• **GIVEN DATA**
──────────
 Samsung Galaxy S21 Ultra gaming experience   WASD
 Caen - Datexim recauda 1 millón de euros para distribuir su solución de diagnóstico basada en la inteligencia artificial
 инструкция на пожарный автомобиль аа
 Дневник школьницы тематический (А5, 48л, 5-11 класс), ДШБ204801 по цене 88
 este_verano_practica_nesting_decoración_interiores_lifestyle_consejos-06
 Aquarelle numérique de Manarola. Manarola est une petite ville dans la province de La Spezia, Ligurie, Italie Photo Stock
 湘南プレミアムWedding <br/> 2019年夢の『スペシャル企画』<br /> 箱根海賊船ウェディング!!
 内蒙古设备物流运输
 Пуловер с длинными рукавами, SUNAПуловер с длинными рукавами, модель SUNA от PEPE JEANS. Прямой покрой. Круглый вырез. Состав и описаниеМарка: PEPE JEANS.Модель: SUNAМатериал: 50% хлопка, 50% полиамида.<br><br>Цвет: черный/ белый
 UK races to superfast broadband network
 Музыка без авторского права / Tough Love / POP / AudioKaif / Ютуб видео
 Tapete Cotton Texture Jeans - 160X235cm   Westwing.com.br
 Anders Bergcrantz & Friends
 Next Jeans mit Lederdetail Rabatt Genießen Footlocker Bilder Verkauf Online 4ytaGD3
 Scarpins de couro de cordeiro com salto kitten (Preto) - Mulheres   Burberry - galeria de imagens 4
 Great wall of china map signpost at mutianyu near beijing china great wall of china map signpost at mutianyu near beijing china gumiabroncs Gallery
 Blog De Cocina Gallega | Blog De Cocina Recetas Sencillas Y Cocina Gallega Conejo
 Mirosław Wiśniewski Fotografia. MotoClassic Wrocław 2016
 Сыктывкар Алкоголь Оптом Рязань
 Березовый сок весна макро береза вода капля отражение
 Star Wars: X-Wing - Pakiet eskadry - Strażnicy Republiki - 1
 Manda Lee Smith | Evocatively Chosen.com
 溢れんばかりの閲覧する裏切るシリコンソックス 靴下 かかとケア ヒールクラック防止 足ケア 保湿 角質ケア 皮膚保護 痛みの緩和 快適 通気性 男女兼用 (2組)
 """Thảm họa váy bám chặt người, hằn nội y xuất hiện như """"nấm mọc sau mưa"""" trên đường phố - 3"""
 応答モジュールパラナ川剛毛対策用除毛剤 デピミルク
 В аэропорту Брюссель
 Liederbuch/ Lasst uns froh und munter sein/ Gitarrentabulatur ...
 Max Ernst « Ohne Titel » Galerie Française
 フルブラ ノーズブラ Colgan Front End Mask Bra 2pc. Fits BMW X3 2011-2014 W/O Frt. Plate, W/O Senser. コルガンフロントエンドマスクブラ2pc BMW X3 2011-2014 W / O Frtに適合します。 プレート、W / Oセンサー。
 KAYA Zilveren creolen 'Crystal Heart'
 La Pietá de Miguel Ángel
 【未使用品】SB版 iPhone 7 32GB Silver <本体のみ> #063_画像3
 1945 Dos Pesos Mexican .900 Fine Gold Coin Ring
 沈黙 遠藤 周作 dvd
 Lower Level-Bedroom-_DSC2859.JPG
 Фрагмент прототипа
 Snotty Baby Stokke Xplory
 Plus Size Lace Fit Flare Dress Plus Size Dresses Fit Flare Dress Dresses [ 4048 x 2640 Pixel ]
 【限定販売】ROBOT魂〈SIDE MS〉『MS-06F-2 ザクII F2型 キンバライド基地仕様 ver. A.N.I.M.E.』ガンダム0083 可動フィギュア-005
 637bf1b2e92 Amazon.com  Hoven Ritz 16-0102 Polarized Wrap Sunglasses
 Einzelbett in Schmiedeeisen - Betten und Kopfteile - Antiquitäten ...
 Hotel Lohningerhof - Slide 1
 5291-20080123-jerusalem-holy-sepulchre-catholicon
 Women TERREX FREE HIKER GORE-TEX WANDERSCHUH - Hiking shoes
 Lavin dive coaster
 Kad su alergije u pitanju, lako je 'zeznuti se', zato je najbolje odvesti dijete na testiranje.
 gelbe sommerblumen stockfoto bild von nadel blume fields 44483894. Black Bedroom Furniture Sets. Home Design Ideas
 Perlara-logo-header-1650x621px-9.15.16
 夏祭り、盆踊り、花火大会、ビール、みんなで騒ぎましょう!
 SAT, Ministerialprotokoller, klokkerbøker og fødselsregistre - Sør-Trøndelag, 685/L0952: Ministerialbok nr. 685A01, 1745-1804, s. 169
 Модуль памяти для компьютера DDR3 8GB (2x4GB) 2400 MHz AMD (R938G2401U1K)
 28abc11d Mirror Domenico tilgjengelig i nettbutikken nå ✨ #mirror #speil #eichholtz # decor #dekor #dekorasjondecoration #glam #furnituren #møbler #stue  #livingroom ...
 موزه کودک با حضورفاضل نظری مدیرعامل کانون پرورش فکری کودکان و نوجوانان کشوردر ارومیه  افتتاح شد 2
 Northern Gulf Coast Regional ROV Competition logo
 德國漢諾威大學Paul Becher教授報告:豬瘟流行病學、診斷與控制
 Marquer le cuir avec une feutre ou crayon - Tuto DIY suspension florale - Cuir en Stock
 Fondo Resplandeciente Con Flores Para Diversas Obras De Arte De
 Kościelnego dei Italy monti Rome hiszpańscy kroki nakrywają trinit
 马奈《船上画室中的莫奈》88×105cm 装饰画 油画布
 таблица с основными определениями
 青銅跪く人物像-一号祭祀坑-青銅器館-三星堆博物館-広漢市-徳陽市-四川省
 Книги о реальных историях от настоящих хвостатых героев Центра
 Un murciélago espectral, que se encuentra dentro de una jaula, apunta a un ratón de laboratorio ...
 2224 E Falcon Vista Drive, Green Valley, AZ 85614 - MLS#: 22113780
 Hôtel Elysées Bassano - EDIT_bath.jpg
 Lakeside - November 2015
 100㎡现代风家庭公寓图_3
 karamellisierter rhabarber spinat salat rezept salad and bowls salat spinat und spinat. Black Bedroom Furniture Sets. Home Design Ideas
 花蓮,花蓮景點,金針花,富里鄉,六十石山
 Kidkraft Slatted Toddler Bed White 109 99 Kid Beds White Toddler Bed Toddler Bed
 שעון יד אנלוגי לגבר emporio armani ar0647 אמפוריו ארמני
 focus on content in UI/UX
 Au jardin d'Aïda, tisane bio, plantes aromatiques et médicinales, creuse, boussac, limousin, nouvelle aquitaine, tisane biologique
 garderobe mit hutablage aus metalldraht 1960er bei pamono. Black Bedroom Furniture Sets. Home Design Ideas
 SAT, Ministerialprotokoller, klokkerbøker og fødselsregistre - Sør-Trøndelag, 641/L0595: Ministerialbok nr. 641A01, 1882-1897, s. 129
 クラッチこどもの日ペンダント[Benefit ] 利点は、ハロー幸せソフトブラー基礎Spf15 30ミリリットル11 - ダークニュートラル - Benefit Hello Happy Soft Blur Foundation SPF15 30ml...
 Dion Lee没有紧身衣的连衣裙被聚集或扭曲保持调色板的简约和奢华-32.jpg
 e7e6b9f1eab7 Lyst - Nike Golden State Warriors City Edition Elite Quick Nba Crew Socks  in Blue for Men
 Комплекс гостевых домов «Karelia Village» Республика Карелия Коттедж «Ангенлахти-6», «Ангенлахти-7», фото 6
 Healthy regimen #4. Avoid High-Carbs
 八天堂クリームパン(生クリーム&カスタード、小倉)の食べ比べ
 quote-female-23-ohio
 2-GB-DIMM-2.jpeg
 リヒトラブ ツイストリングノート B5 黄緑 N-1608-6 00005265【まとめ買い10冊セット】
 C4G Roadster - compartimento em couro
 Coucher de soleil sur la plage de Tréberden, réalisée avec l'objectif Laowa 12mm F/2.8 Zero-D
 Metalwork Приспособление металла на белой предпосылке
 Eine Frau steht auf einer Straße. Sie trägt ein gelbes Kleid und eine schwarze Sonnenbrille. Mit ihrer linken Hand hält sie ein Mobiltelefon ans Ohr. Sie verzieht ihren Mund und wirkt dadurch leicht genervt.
──────────
• **EXERCISE PROMPT**
Would you copy, unchanged, the stretch of the records above that begins at the line containing "Пуловер с длинными рукавами, SUNAПуловер" and ends at the line containing "Scarpins de couro", and only that?

• **RESULT FOR THIS EXERCISE**
 Пуловер с длинными рукавами, SUNAПуловер с длинными рукавами, модель SUNA от PEPE JEANS. Прямой покрой. Круглый вырез. Состав и описаниеМарка: PEPE JEANS.Модель: SUNAМатериал: 50% хлопка, 50% полиамида.<br><br>Цвет: черный/ белый
 UK races to superfast broadband network
 Музыка без авторского права / Tough Love / POP / AudioKaif / Ютуб видео
 Tapete Cotton Texture Jeans - 160X235cm   Westwing.com.br
 Anders Bergcrantz & Friends
 Next Jeans mit Lederdetail Rabatt Genießen Footlocker Bilder Verkauf Online 4ytaGD3
 Scarpins de couro de cordeiro com salto kitten (Preto) - Mulheres   Burberry - galeria de imagens 4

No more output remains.